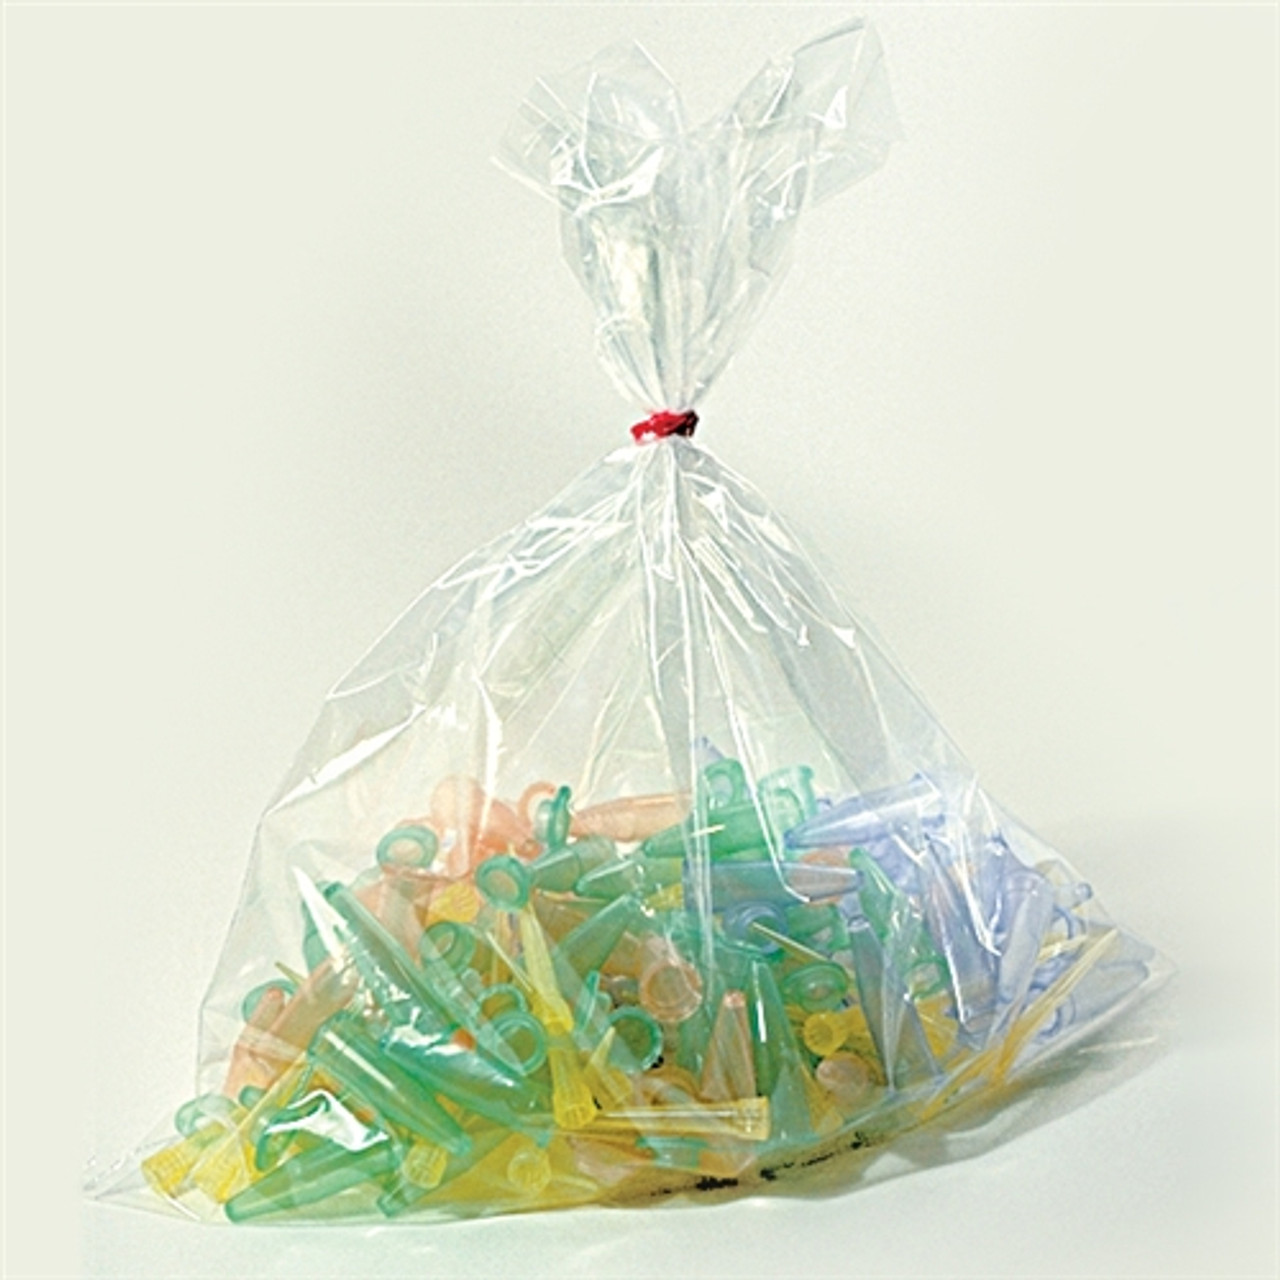 Zip Bags Plastic Clear 18x24 large heavy each
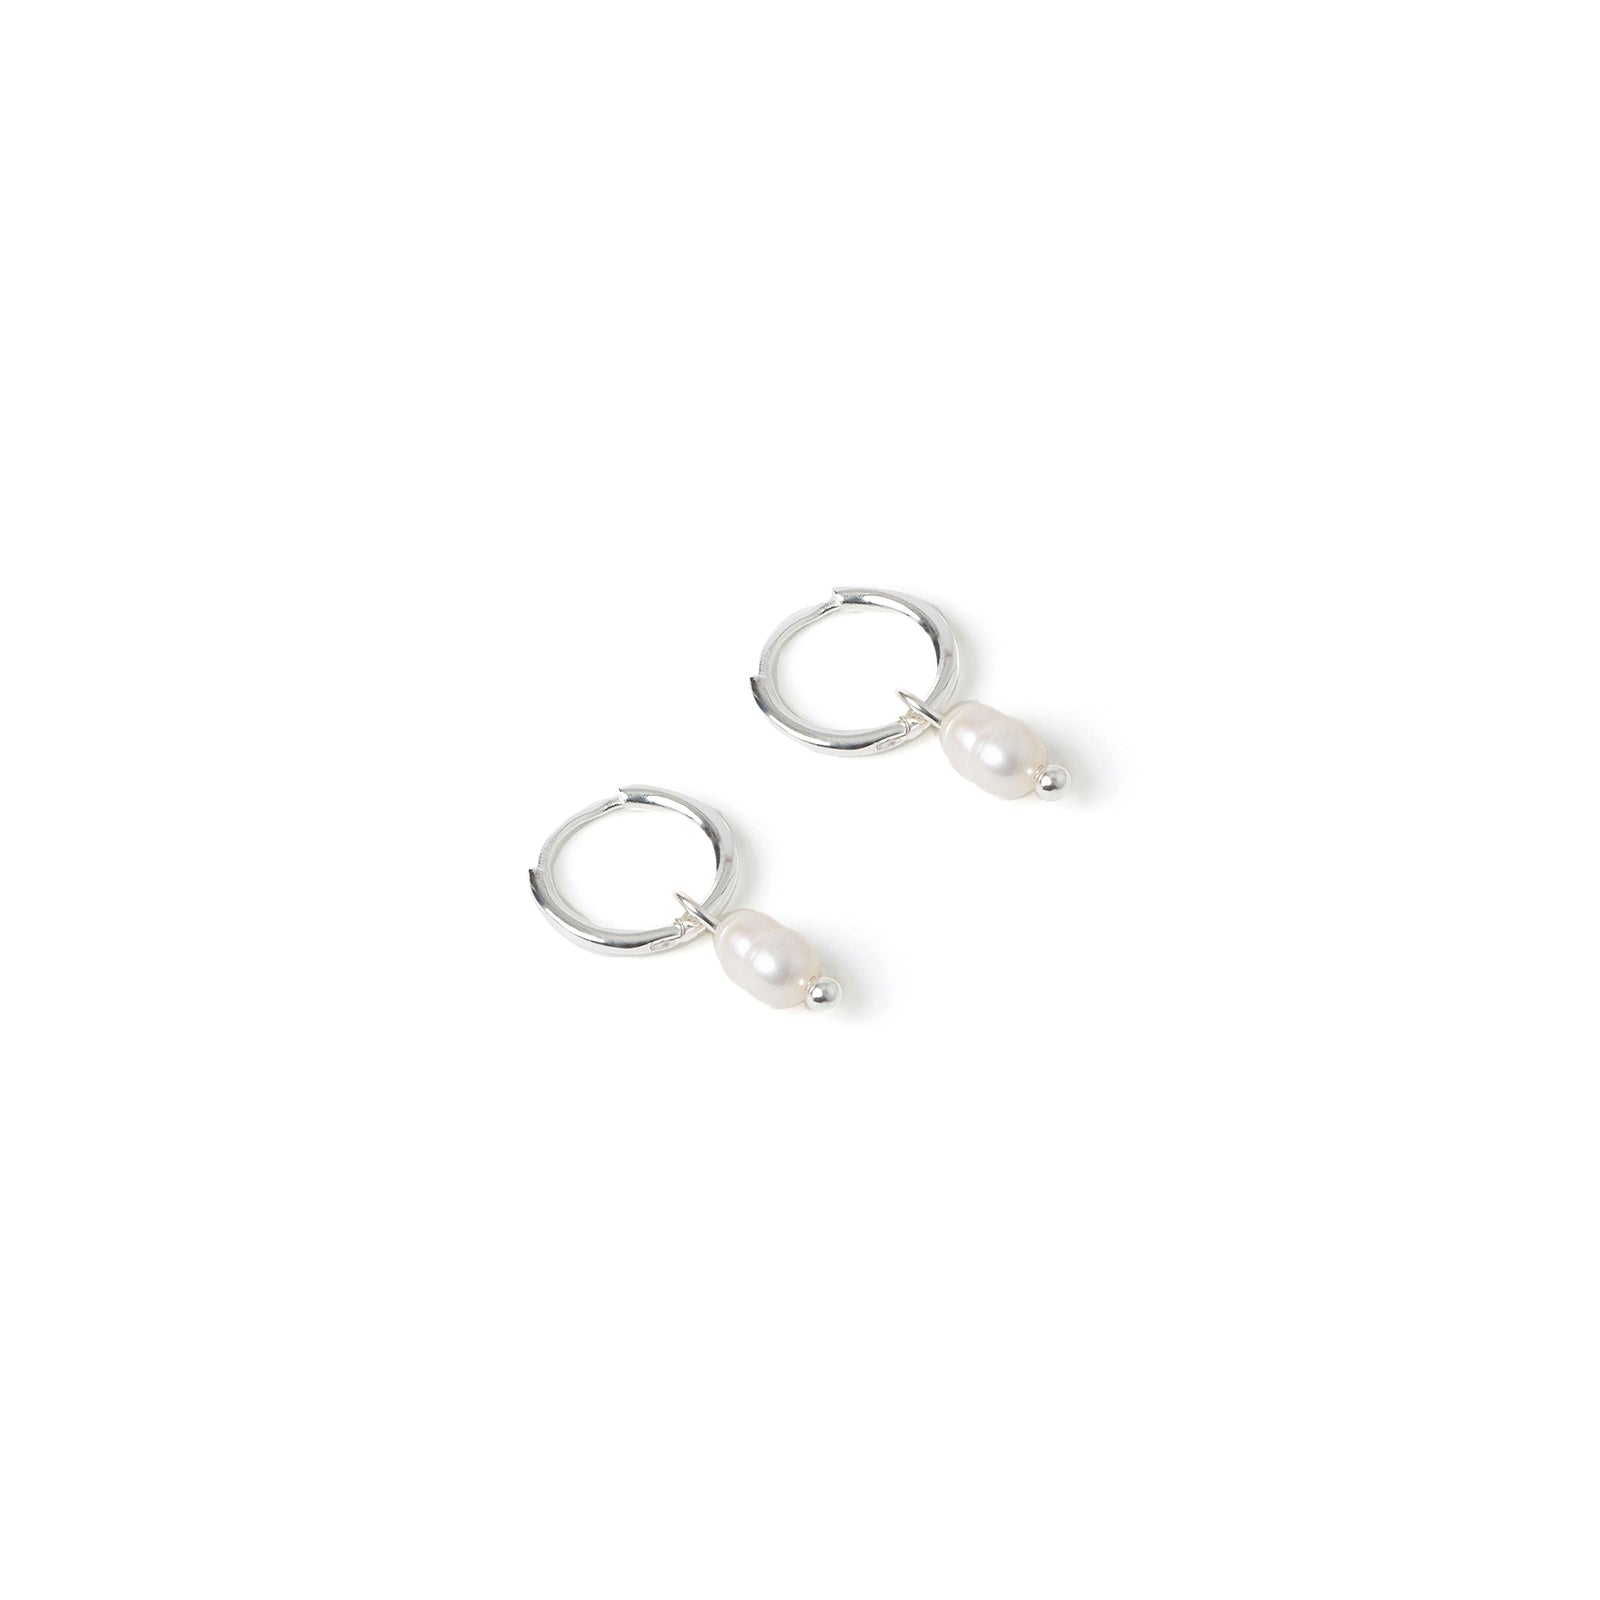 Cordelia Pearl Earrings - Silver
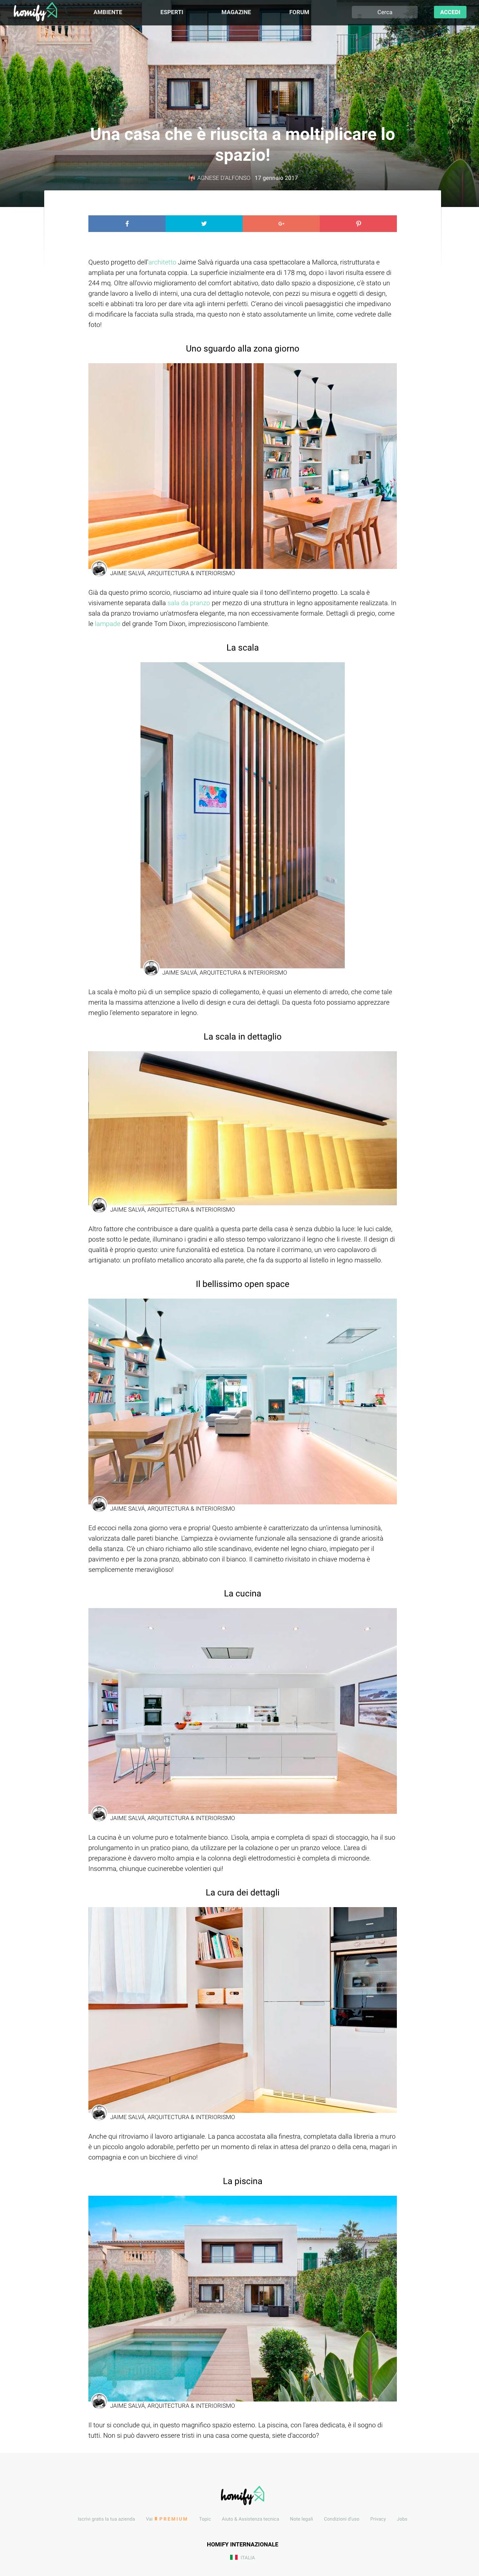 Jaime Salva Architecture Interior Design J279 Casa Blanca Y Matteo En Homify Italia
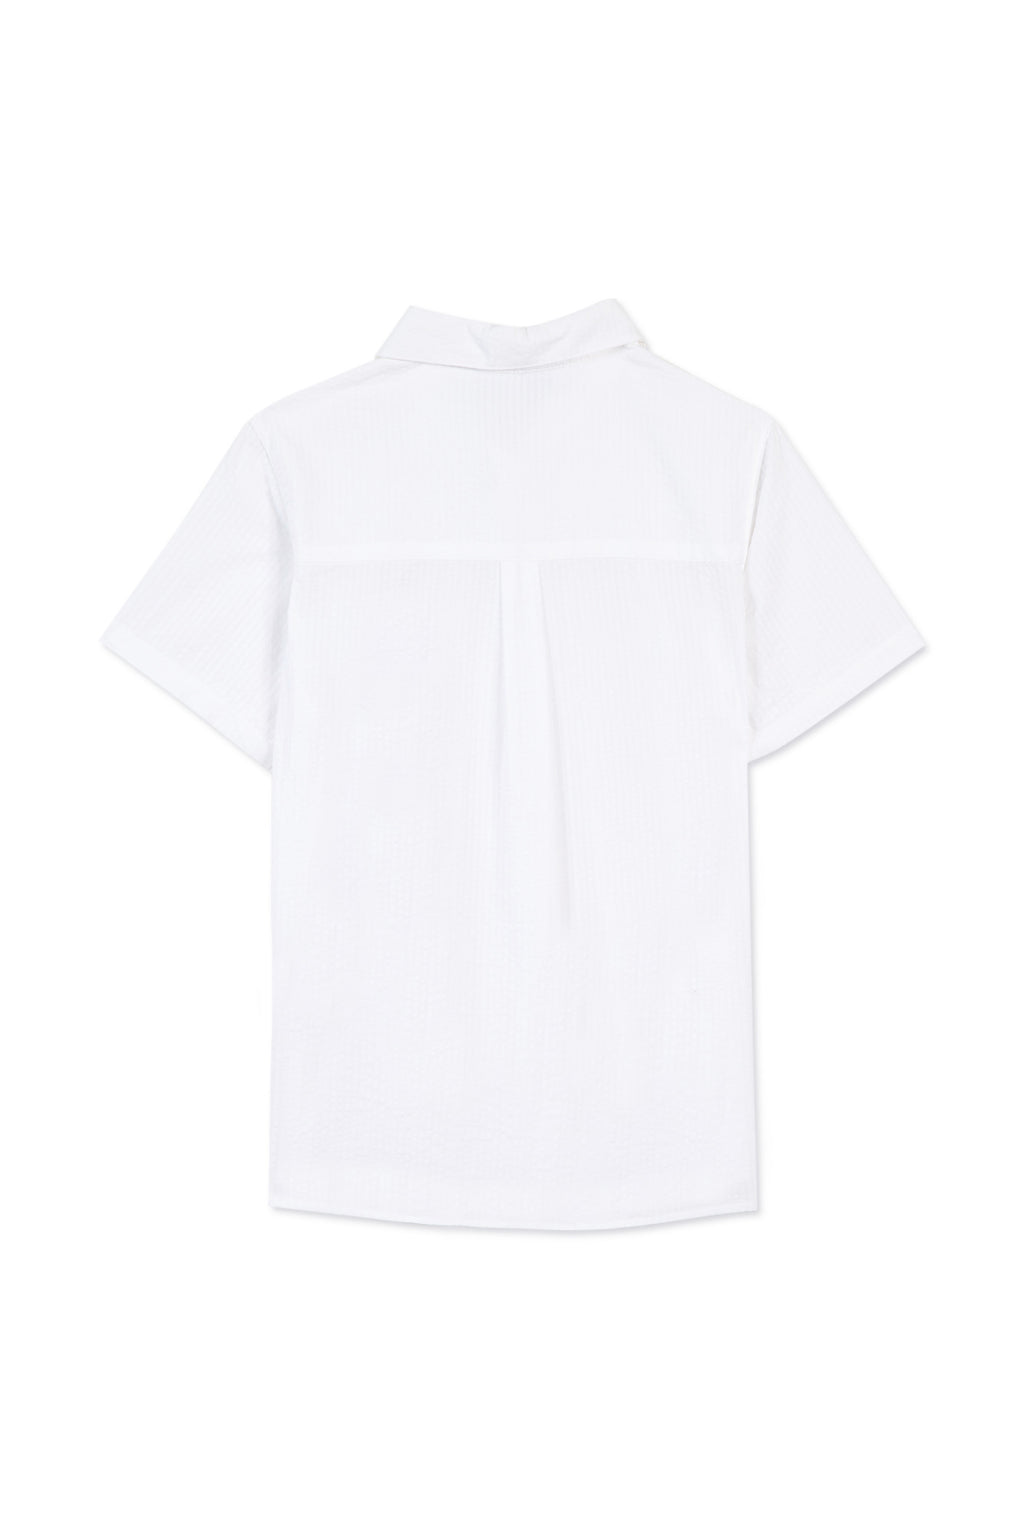 Shirt - White seersucker

§ Work instruction
What the task needs is the material above repeated exactly, pictures excepted.

§ Finished task
 Zip Bags Plastic Clear 18x24 large heavy each
 Cordelia Pearl Earrings - Silver
 Jaime Salva Architecture Interior Design J279 Casa Blanca Y Matteo En Homify Italia
 Shirt - White seersucker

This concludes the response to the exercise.